— Task requirements —
Below are records with pictures in them. Transcribe everything from the line containing "kit Corrente Double" down to the line containing "Tom Tailor Denim", exactly, and leave the pictures behind.

— Material for the task —
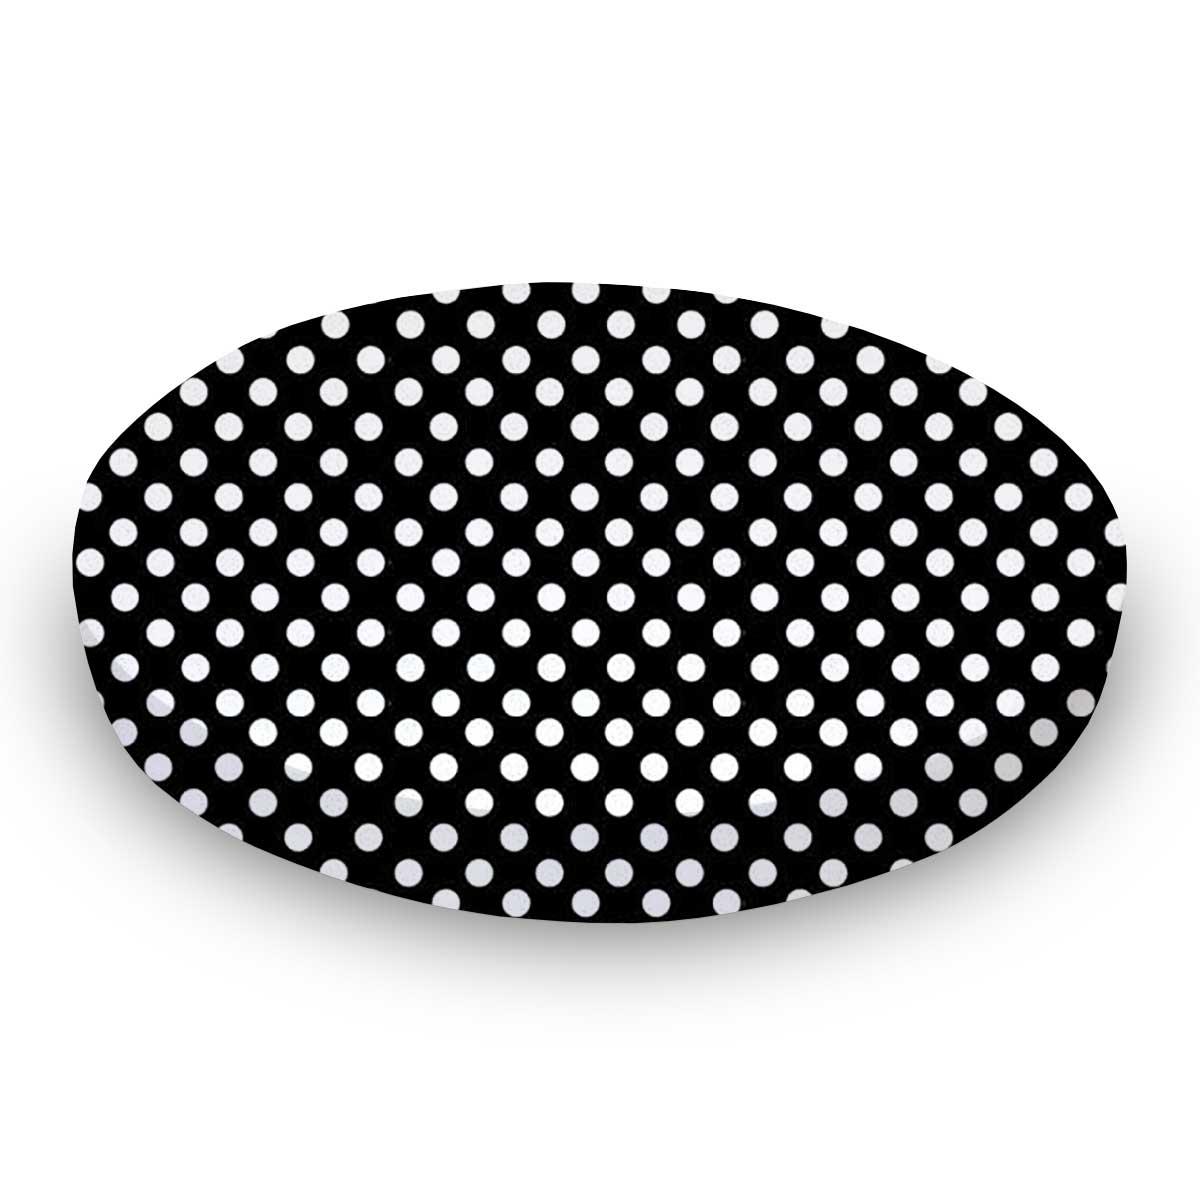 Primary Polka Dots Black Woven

* * *

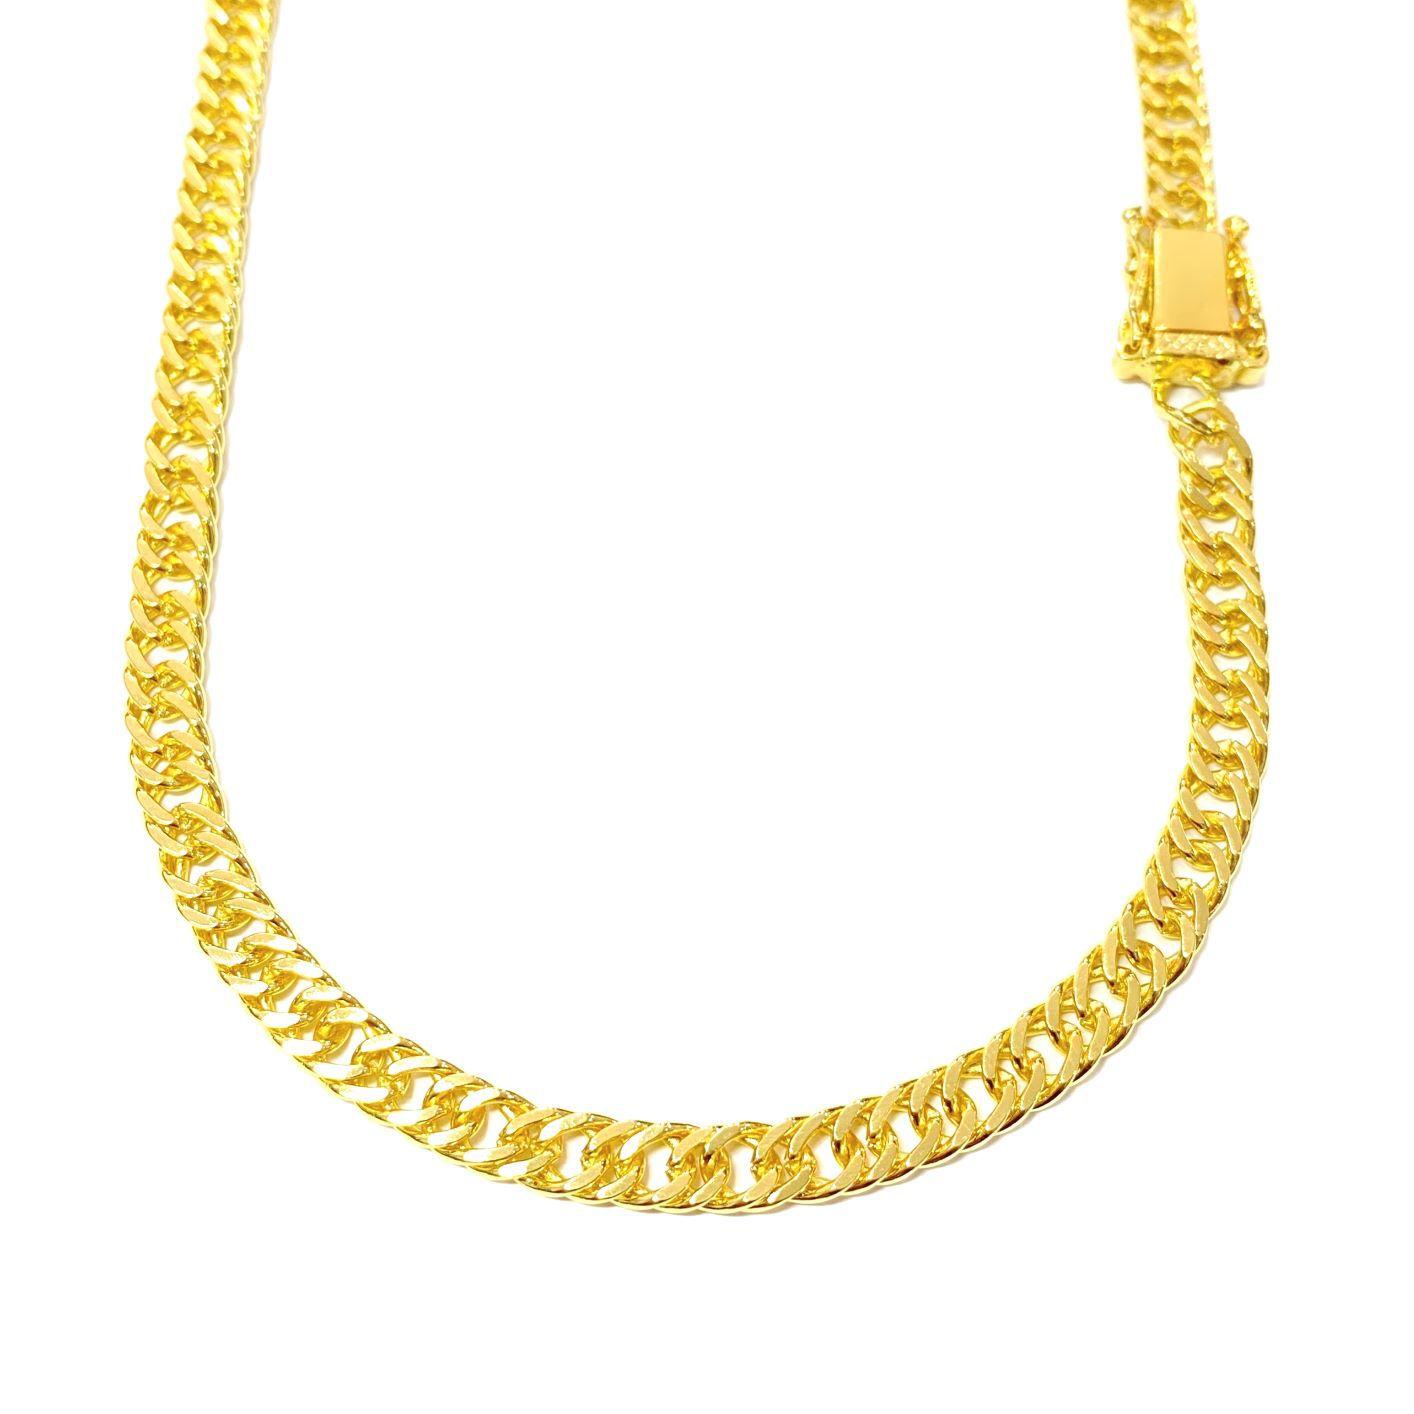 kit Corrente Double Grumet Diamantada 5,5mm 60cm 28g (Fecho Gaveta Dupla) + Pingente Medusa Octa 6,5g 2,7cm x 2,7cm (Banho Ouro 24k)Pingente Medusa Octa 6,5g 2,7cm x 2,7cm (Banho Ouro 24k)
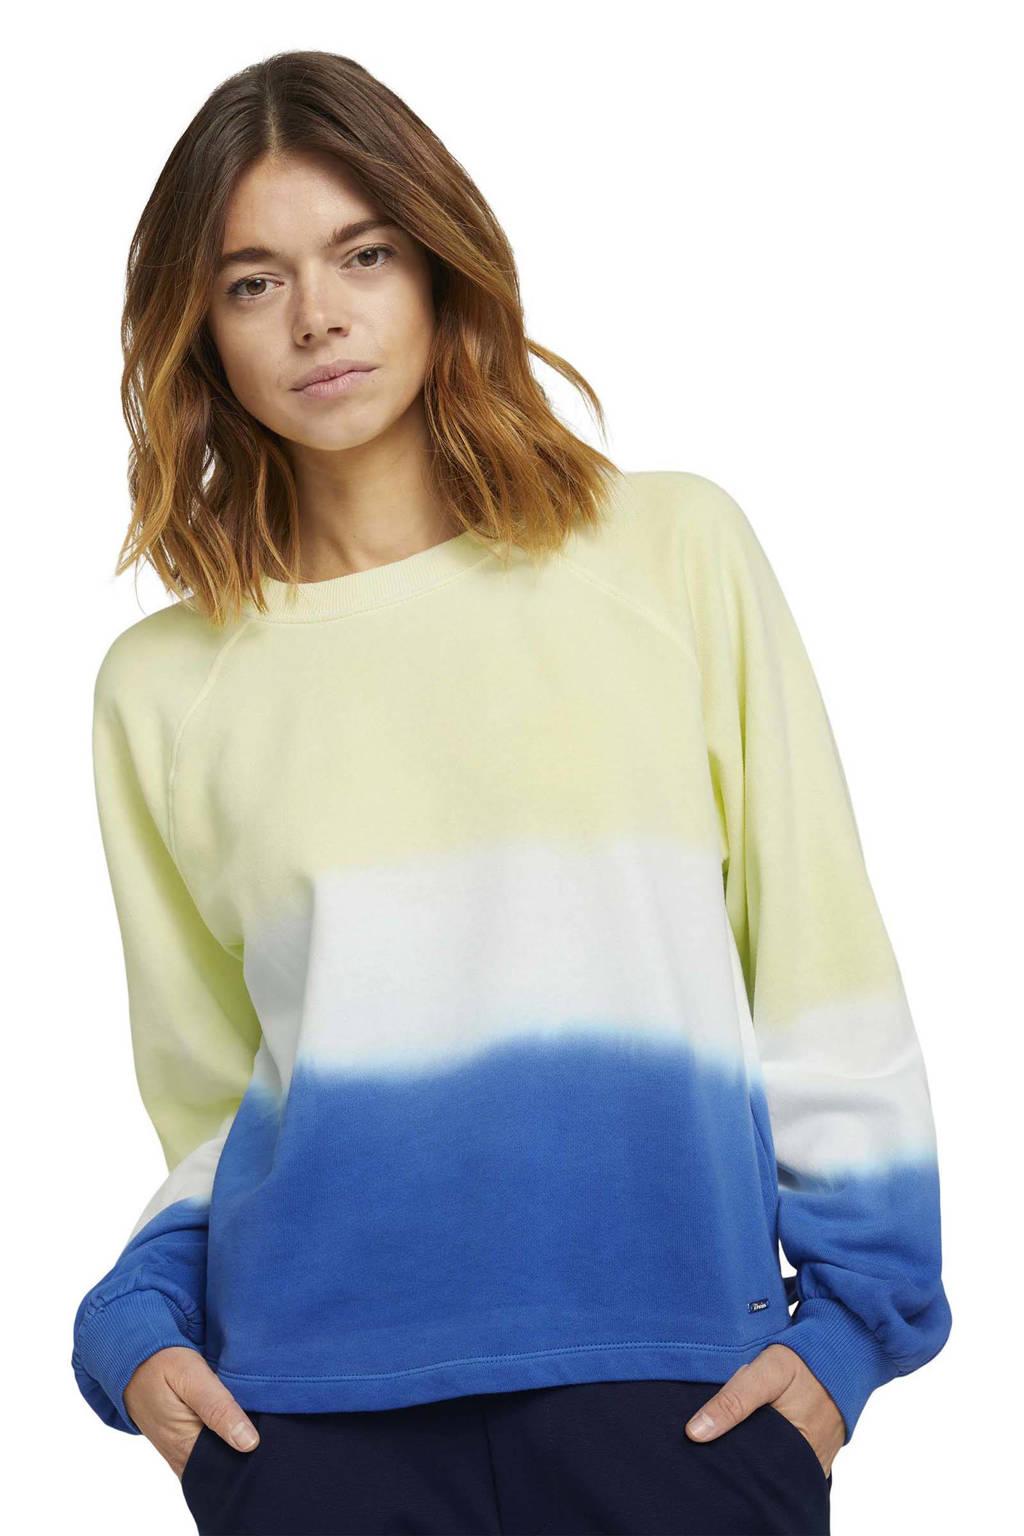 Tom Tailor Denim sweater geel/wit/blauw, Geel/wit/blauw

— The answer —
 kit Corrente Double Grumet Diamantada 5,5mm 60cm 28g (Fecho Gaveta Dupla) + Pingente Medusa Octa 6,5g 2,7cm x 2,7cm (Banho Ouro 24k)Pingente Medusa Octa 6,5g 2,7cm x 2,7cm (Banho Ouro 24k)
 Tom Tailor Denim sweater geel/wit/blauw, Geel/wit/blauw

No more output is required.